Censoring his past

09 Jan 2015

Posted by naomi

What better way to start off the New Year than with a trip to Harvard Theatre Collection to uncover disappointed love, drunken antics, and disputed records?

Through some heavy etching out and repeating letter forms over the initial text, lengthy sections of the diary have been redacted by Harry. What do these passages concern? Chiefly his love life, bouts of excessive drinking, and disputes surrounding authorship of his plays, and these alterations show Harry's awareness of future readers.

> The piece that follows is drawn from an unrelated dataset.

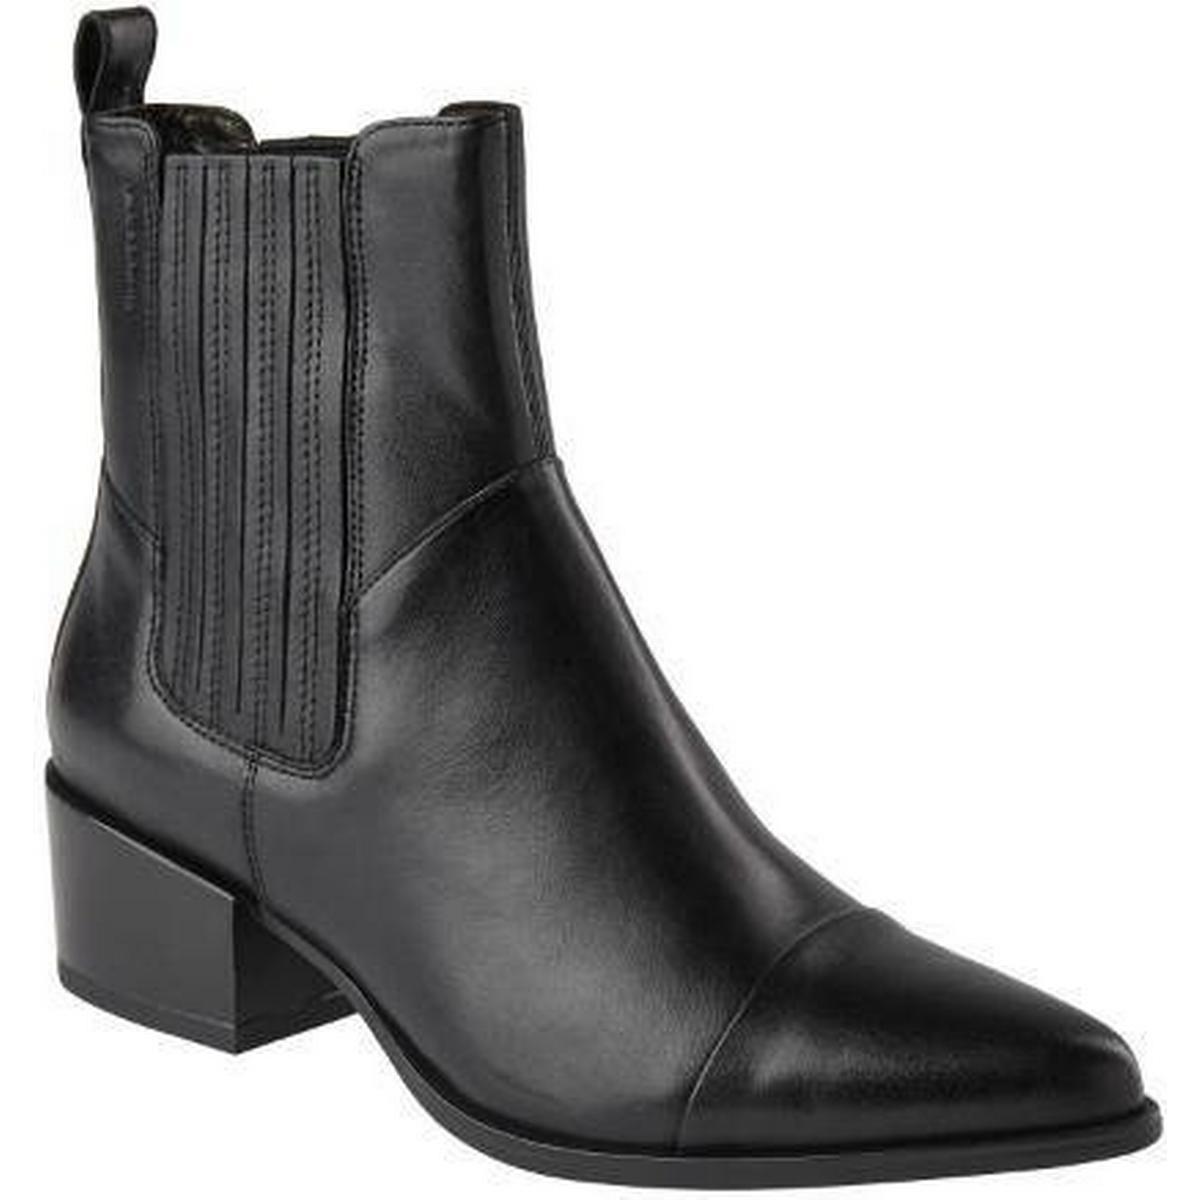 vagabond grace boots nubuck, Vagabond HUSTLE Støvletter

In April 1849, the first series of heavily deleted passages appear. Spread over the ensuing four months, these sections tell the story of Harry Watkins's first recorded love: Maria. In a number of entries, he records how they kiss, how he proposes and waits patiently for her reply, how she writes declining his proposal saying she has heard he has spoken poorly of her, and then how he learns she has married someone else. Through all this, Harry's passionate love and bitter disappointment are captured in striking language. Or at least they were, before Harry sought to obscure them.

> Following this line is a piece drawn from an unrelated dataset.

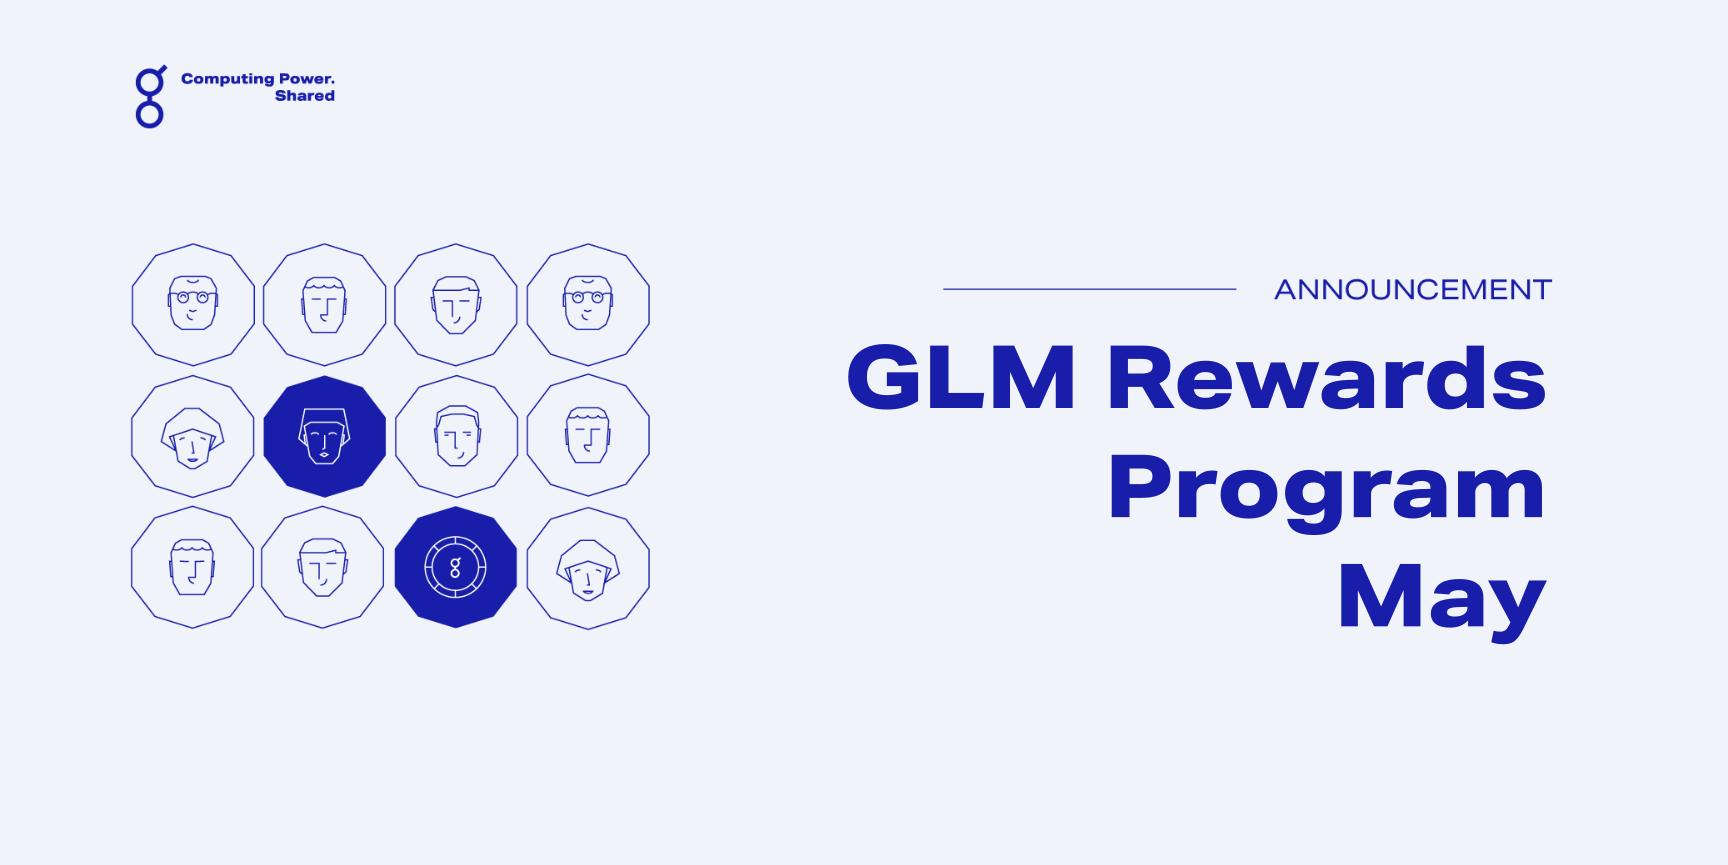 GLM Rewards Program May Update

Two heavily redacted portions concern Harry's relationship with alcohol. As Harry became known for his portrayal of Edward Middleton in The Drunkard, he also advocated for temperance and frequently criticized actors for their behavior on and off stage after consuming excessive amounts of alcohol. Yet on 20th September 1852, Harry records how he drank so much his speech was slurred and his stomach was "unable to carry its load," forcing him to leave. At a later date, he returned to passages like this and redacted them.

In 1850 and 1851, there are a series of deletions accompanied by inserted pages that clarify (or correct?) who was the true author of both Harry Burnham, and a play called variously Heart of the World, Nature's Nobleman, and Ship's Carpenter. The deleted passages either neglect to mention the author or have him as co-author, while the additions record him as the sole author.

These redacted portions illustrate Harry's awareness of future readers of his diary. While he might not have imagined it being read in this way, his careful removal of sensitive portions related to love, drinking, and authorship show a concern for how he might be perceived and what the record would show. What Harry was thinking when writing his diary will never be known to us (did he hope to see it published one day?), but snippets like this reveal he was at least aware of possible readers and desired to preserve a more positive version of himself for posterity.